Description
The Filter On Bad Meaning activity helps clean and standardize your dataset by detecting and handling rows that contain undesirable data patterns—such as URLs, IP addresses, booleans, dates, and more—based on configurable meanings per column.
You can take various actions on these rows, including removing them, clearing the problematic cells, or flagging them for review.
Use case:
Useful for detecting and eliminating noise from survey results, logs, scraped data, or user inputs before applying analysis or transformations.
Type | Description |
---|
Data | Dataset containing values to inspect. |
Output
Type | Description |
---|
Transformed Data | Filtered or annotated data based on detected bad meanings. |
Configuration Fields
Field Name | Required | Description |
---|
Meanings | Yes | Mapping of columns to “bad meanings” to detect.
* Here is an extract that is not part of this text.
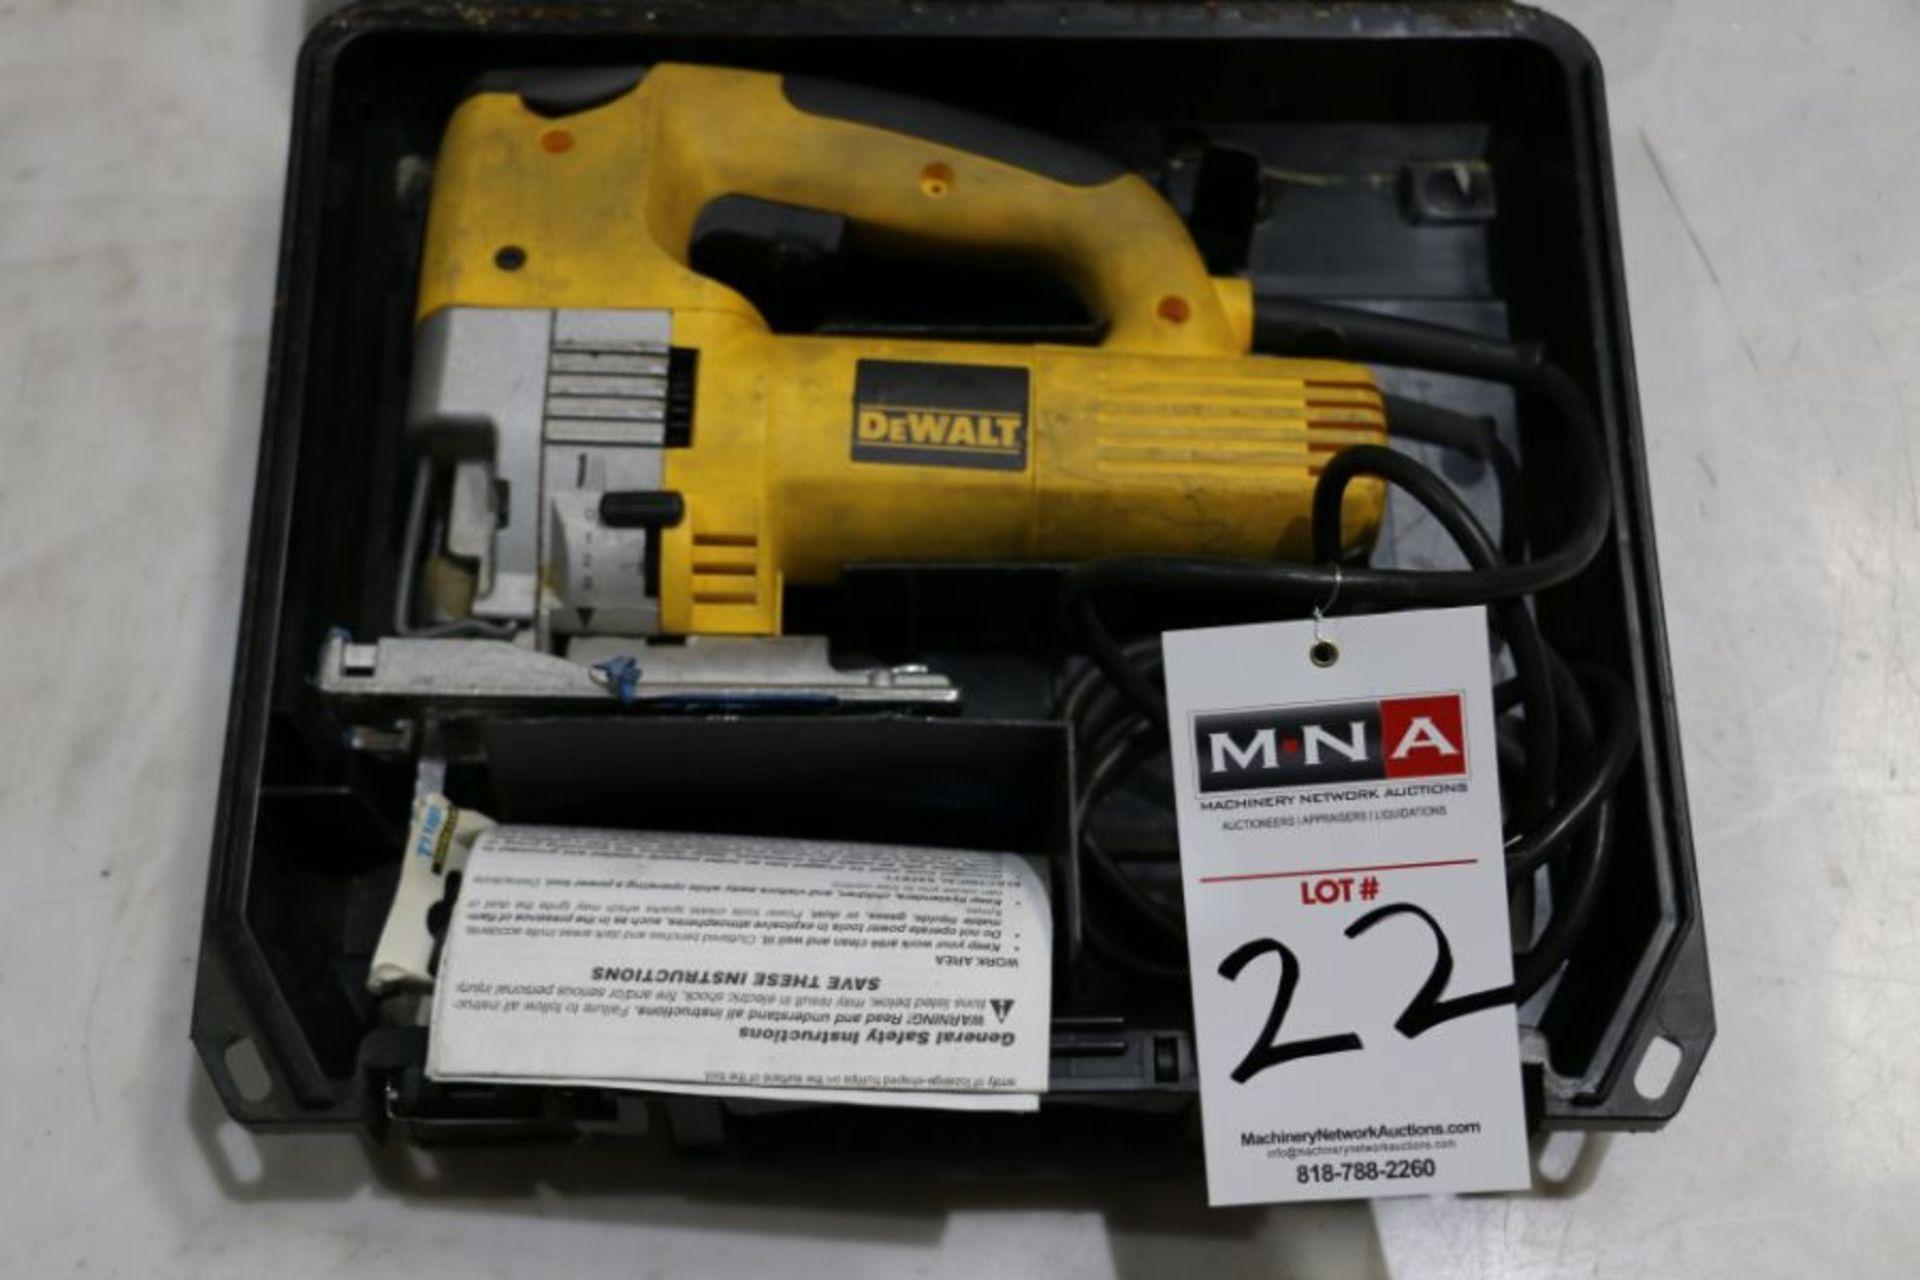 Dewalt DW321 Variable Speed 60mm Jig Saw
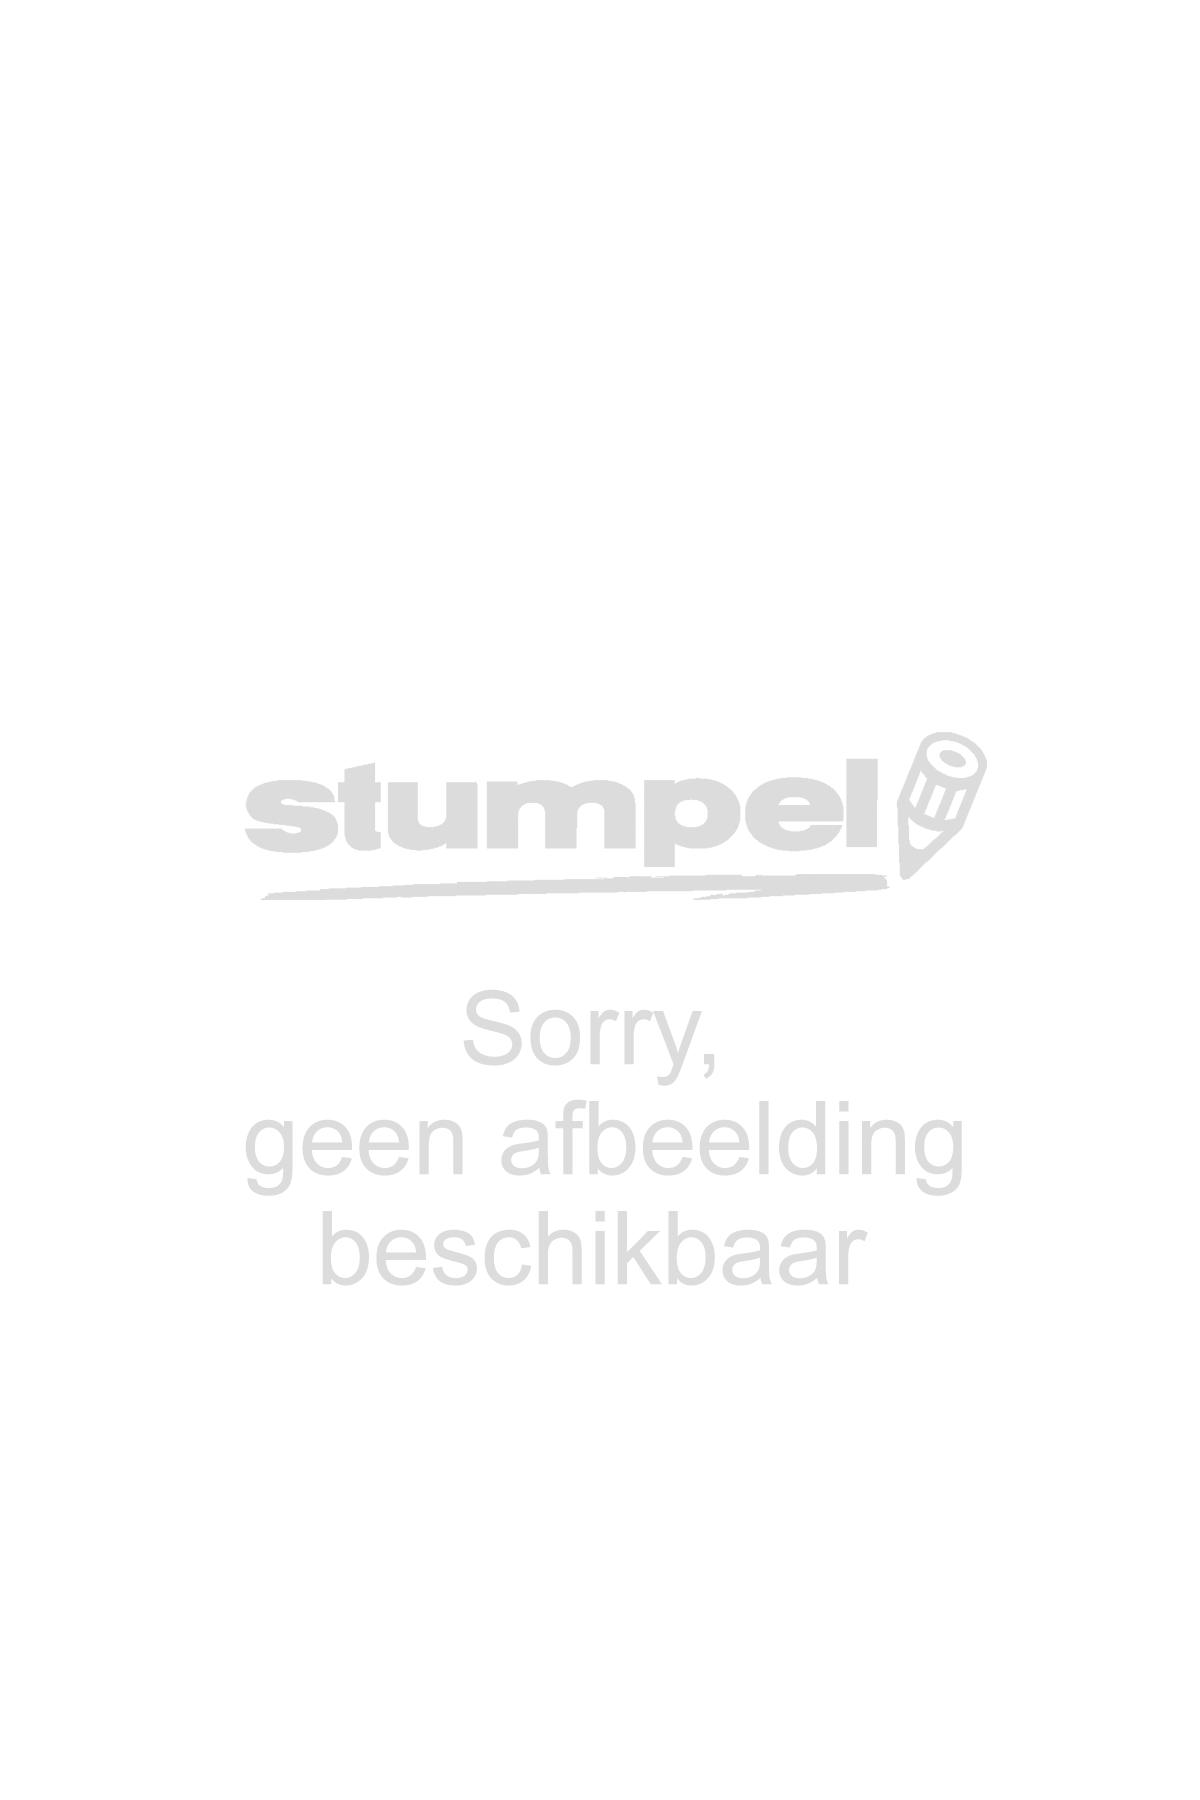 whiteboardstift-lega-tz-100-m-droog-uitwisbaar-rood-920312

Each column can have one or more bad types. |
| | Supported Bad Meanings: URL , Port , IP Address , Boolean , Text , Decimal , Integer , Date |
Actions | Yes | Action to perform on rows that match any bad meanings:- Remove matching rows
- Clear content of matching cells
- Keep matching rows
- Flag rows
- Clear content of non-matching cells
|
Flag Rows Action | No | Method to flag matching rows, such as using 0/1 , True/False , etc. (Visible only if action is Flag rows ) |
Flag Rows Column Name | No | Name of the new column that flags rows with bad meanings. (Visible only if action is Flag rows ) |
ID | Column1 | Column2 | OtherColumn |
---|
1 | http://example.com | TRUE | Value A |
2 | 192.168.1.1 | 42 | Value B |
3 | ValidText | FALSE | Value C |
Sample Configuration
Field Name | Value |
---|
Meanings | Column1 → [URL, IP Address] , Column2 → [Boolean, Integer] |
Action | Flag rows |
Flag Method | Binary (0 for clean, 1 for flagged) |
Flag Column | BadDataFlag |
Sample Output
ID | Column1 | Column2 | OtherColumn | BadDataFlag |
---|
1 | http://example.com | TRUE | Value A | 0 |
2 | 192.168.1.1 | 42 | Value B | 1 |
3 | ValidText | FALSE | Value C | 1 |
Combine this activity with Extract Pattern, Standardize Data, or Validate Data Type to build robust data quality workflows.